San Antonio, Texas, U.S.A.


Occupational researchers and analysts continue to search for new ways to meet the needs of the manpower, personnel, and training (MPT) communities they serve. Recent efforts seem to be moving away from task-based occupational analysis toward more global measures of knowledges, skills, and abilities (KSAs) and job content. It is alleged that traditional task-based occupational analysis is too labor intensive, too costly, too cumbersome, and too static to meet the emerging and rapidly changing needs of a business process- and team-based approach to the organization of work activities (Casio, 1995; May, 1996 a-c). More and more, the trend has been toward relying on the judgments and opinions of a few subject matter experts (SMEs) on a handful of broad work dimensions or requirements to make important policy decisions.

 All the while, there lies largely untapped a treasure trove of data and analysis techniques in the "old" occupational measurement system (loosely identified as "CODAP") that would address many knotty MPT problems with greater precision and in greater depth than the newer approaches, if only a little mental effort were applied. The great advantage of gathering task-level data is that it can be aggregated and linked to other data bases, such as personnel files, in innumerable ways to address specific problems that were not even envisioned when the data were gathered.

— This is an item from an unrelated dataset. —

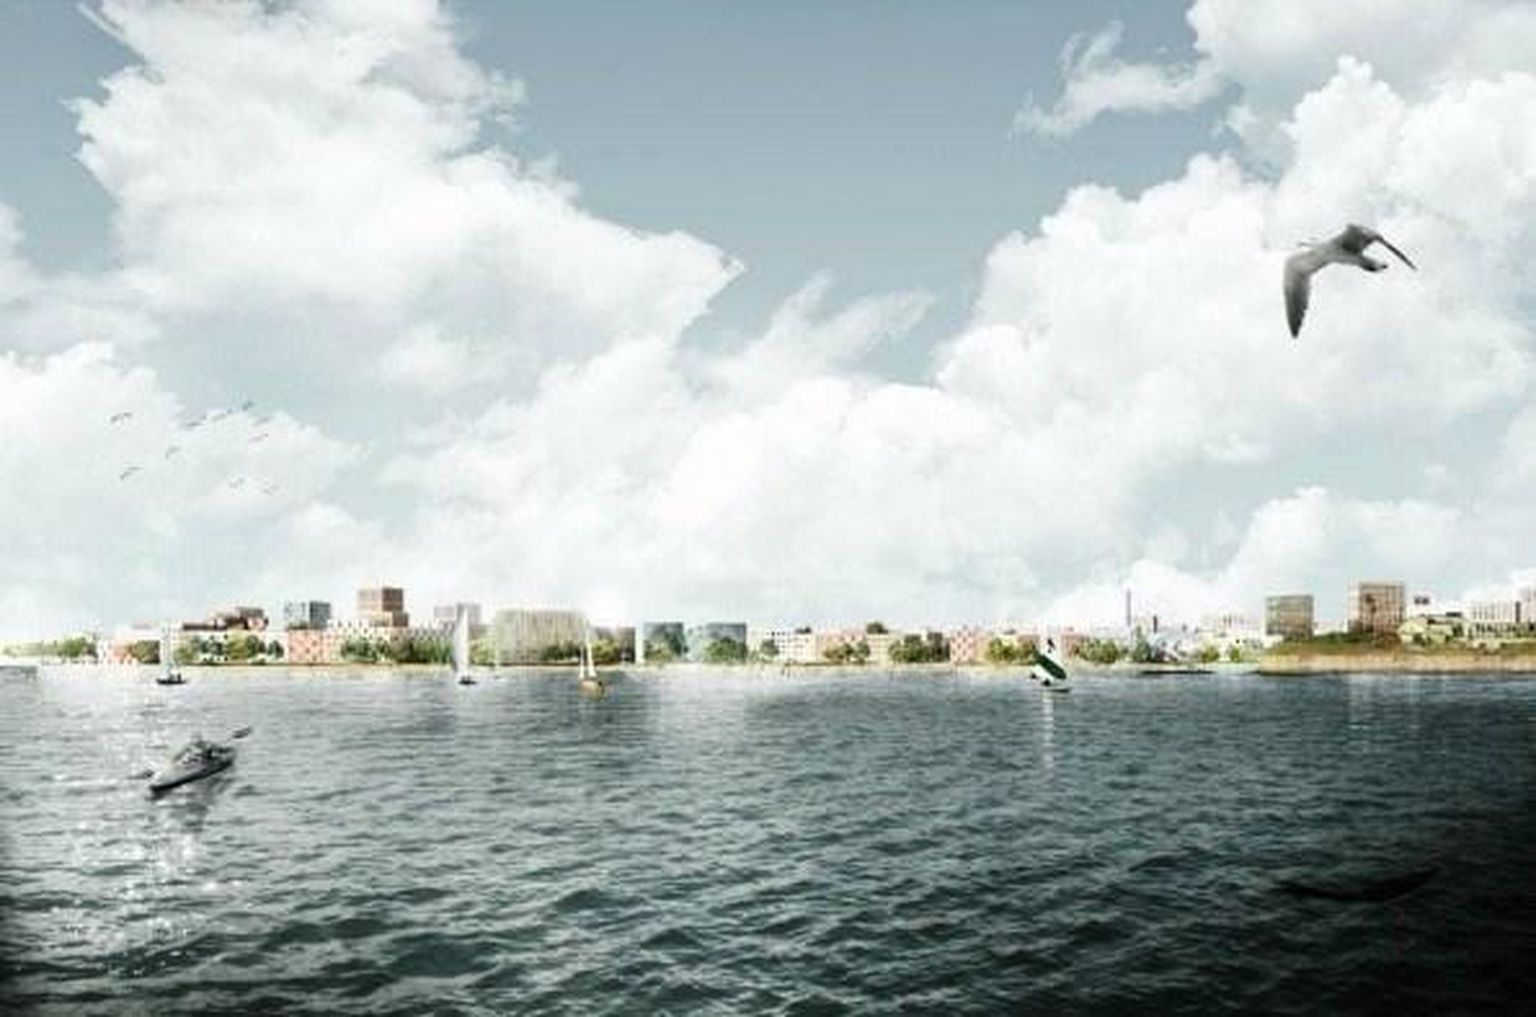 Eskiis sellest, milline vaade Lynetteholmi saarele peaks tulevikus avanema siis, kui seista Nordhavni sadamapiirkonnas Kopenhaagenis. 

This paper will address four areas where existing and proposed linkage technologies can be applied to existing or updated occupational and personnel data bases to address largely unmet needs of the MPT communities. The four areas are empirically derived task difficulty measures within and across career fields, linking of specific learning abilities to job performance, weapon system-to-task linkage technology, and knowledge-to-task linkage technology.

Empirical Derivation of Benchmarked Task Difficulty Measures


The existing procedure for estimating task difficulty is highly subjective and rather unreliable, in that a group of randomly selected SMEs cannot be unbiased and skilled raters for all the tasks in a USAF Job Inventory and do not clearly perceive an "intrinsic" level of difficulty in a task such as would lead to high interrater agreement. The low average interrater agreement statistic (R11) routinely obtained (.10 - .30 in most cases) indicates generally poor agreement. The very high projected interrater agreement (RKK) statistics that are obtained are primarily a function of the large number of raters used. The process of benchmarking tasks across Air Force Specialties (AFSs) is even more subjective and more suspect, in that raters must rate and rank order tasks from AFSs other than their own and use a benchmarking scale that has been shown to be biased by the selection of tasks used to anchor the various benchmark scale points. Furthermore, since the benchmarking is accomplished separately for mechanical, general/administrative, and electronic aptitude (MAGE) areas, a further benchmarking has to be accomplished to create a single benchmarked difficulty. This has been done mathematically, based on a number of assumptions. Because the entire benchmarking process is so complex and labor-intensive, it has not been feasible to repeat it, even when a considerable number of AFSs have changed substantially. Thus, recent attempts to update the benchmarking have resorted to updating current task difficulty indices, based on the assumption that changes in task difficulty values in an AFS can be transformed directly into changes in benchmarked difficulty values without reference to all the changes going on simultaneously in all other AFSs. These estimates are thrice-removed from the original task difficulty which, as has been pointed out, already has its own problems.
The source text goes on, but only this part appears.